The barometric response is modeled over two days using a distributed lag
model with 15 regressor terms. The knots are logarithmically separated
over two days to accurately capture early and late time responses which
can be caused by different physical mechanisms.
library(hydrorecipes)
library(earthtide)
library(tidyr)
library(ggplot2)
data(transducer)
# convert to numeric because step_ns doesn't handle POSIXct
transducer$datetime_num <- as.numeric(transducer$datetime)

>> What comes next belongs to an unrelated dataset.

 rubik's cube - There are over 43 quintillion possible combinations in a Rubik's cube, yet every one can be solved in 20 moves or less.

unique(diff(transducer$datetime_num)) # times are regularly spaced
#> [1] 120
# Earth tide inputs
wave_groups <- earthtide::eterna_wavegroups
wave_groups <- na.omit(wave_groups[wave_groups$time == '1 month', ])

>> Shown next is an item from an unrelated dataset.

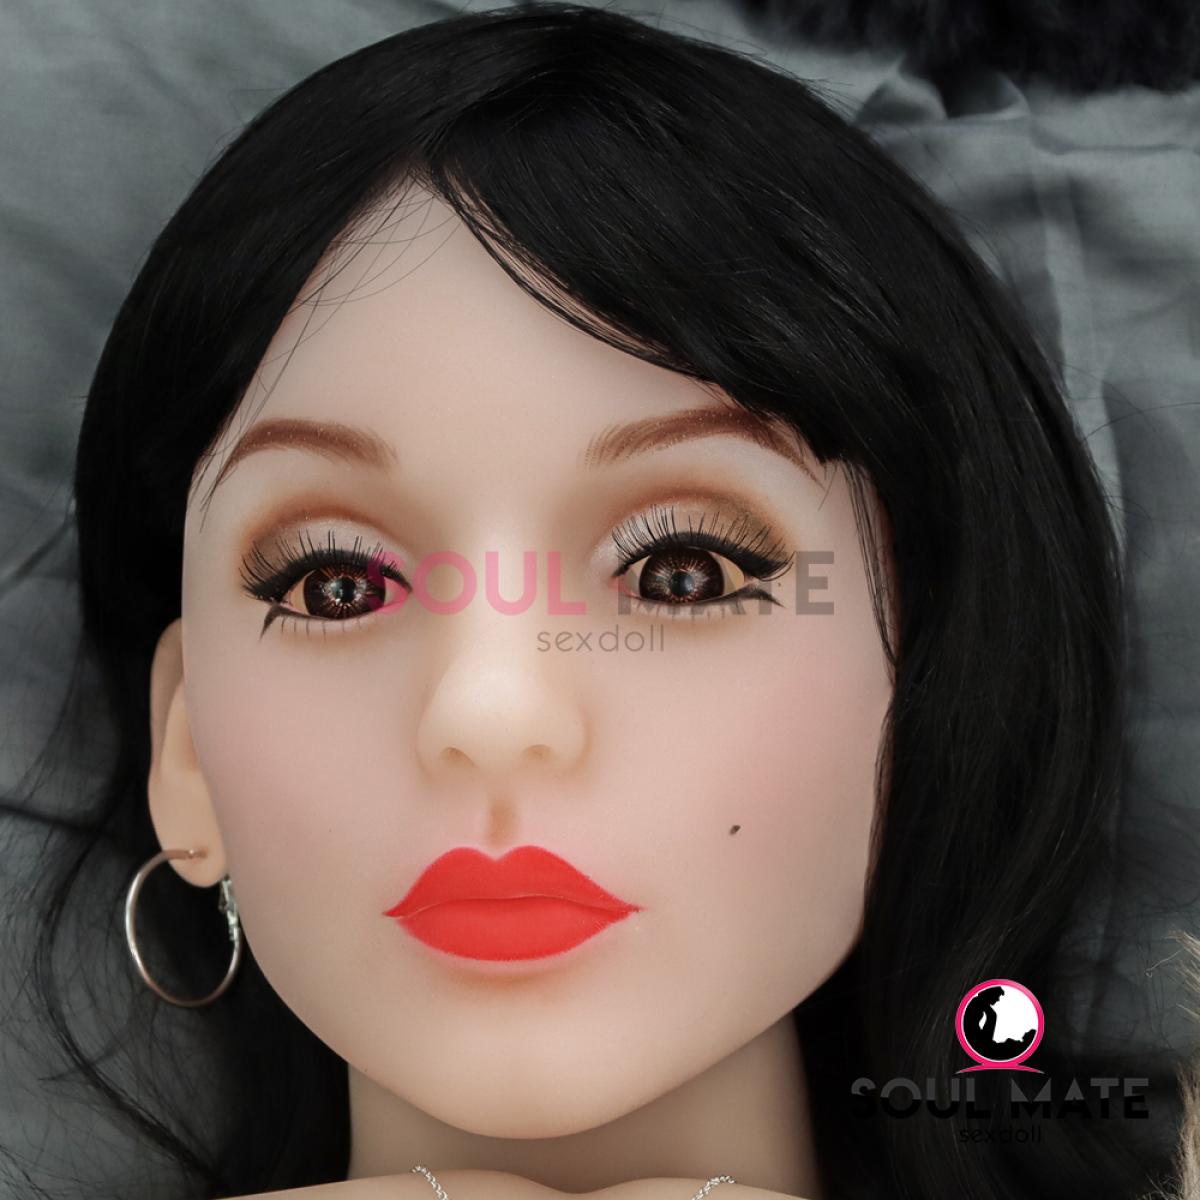 SoulMate Dolls - Kimberly Head - Sex Doll Heads - White

wave_groups <- wave_groups[wave_groups$start > 0.5, ]
latitude <- 34.0
longitude <- -118.5
# create recipe
rec <- recipe(wl~baro+datetime_num, transducer) |>
step_distributed_lag(baro, knots = log_lags(15, 86400 * 2 / 120)) |>
step_earthtide(datetime_num,
latitude = latitude,
longitude = longitude,
astro_update = 1,
wave_groups = wave_groups) |>
step_ns(datetime_num, deg_free = 10) |>
prep()
input <- rec |> bake(new_data = NULL)
summary(fit <- lm(wl~., input))
#>
#> Call:
#> lm(formula = wl ~ ., data = input)
#>
#> Residuals:
#> Min 1Q Median 3Q Max
#> -1.483e-03 -2.351e-04 -1.957e-05 2.122e-04 1.661e-03
#>
#> Coefficients:
#> Estimate Std. Error t value Pr(>|t|)
#> (Intercept) 5.321e+00 2.253e-03 2361.583 < 2e-16 ***
#> distributed_lag_baro_1 -1.940e-01 1.153e-02 -16.823 < 2e-16 ***
#> distributed_lag_baro_2 2.382e-02 8.787e-03 2.710 0.00672 **
#> distributed_lag_baro_3 7.708e-03 5.264e-03 1.464 0.14308
#> distributed_lag_baro_4 1.379e-02 2.477e-03 5.566 2.63e-08 ***
#> distributed_lag_baro_5 9.756e-03 1.226e-03 7.955 1.84e-15 ***
#> distributed_lag_baro_6 7.818e-03 5.498e-04 14.218 < 2e-16 ***
#> distributed_lag_baro_7 6.230e-03 2.341e-04 26.609 < 2e-16 ***
#> distributed_lag_baro_8 3.435e-03 9.674e-05 35.510 < 2e-16 ***
#> distributed_lag_baro_9 1.633e-03 4.091e-05 39.918 < 2e-16 ***
#> distributed_lag_baro_10 1.946e-04 1.802e-05 10.800 < 2e-16 ***
#> distributed_lag_baro_11 6.958e-05 8.130e-06 8.558 < 2e-16 ***
#> distributed_lag_baro_12 -6.846e-05 4.434e-06 -15.441 < 2e-16 ***
#> distributed_lag_baro_13 -7.734e-02 1.515e-03 -51.058 < 2e-16 ***
#> distributed_lag_baro_14 2.007e-01 3.929e-03 51.080 < 2e-16 ***
#> distributed_lag_baro_15 -1.235e-01 2.415e-03 -51.131 < 2e-16 ***
#> earthtide_cos_1 -9.055e-06 3.359e-06 -2.696 0.00702 **
#> earthtide_sin_1 4.111e-06 3.390e-06 1.213 0.22524
#> earthtide_cos_2 8.808e-05 3.475e-06 25.349 < 2e-16 ***
#> earthtide_sin_2 -3.562e-05 3.502e-06 -10.173 < 2e-16 ***
#> earthtide_cos_3 2.843e-05 2.970e-06 9.573 < 2e-16 ***
#> earthtide_sin_3 -3.611e-05 2.896e-06 -12.467 < 2e-16 ***
#> earthtide_cos_4 1.940e-04 7.839e-06 24.750 < 2e-16 ***
#> earthtide_sin_4 4.292e-05 6.851e-06 6.265 3.78e-10 ***
#> earthtide_cos_5 -4.412e-06 3.250e-06 -1.357 0.17464
#> earthtide_sin_5 -1.397e-05 3.251e-06 -4.298 1.73e-05 ***
#> earthtide_cos_6 1.090e-05 3.714e-06 2.934 0.00335 **
#> earthtide_sin_6 -8.238e-06 3.728e-06 -2.210 0.02712 *
#> earthtide_cos_7 4.002e-06 2.065e-06 1.938 0.05263 .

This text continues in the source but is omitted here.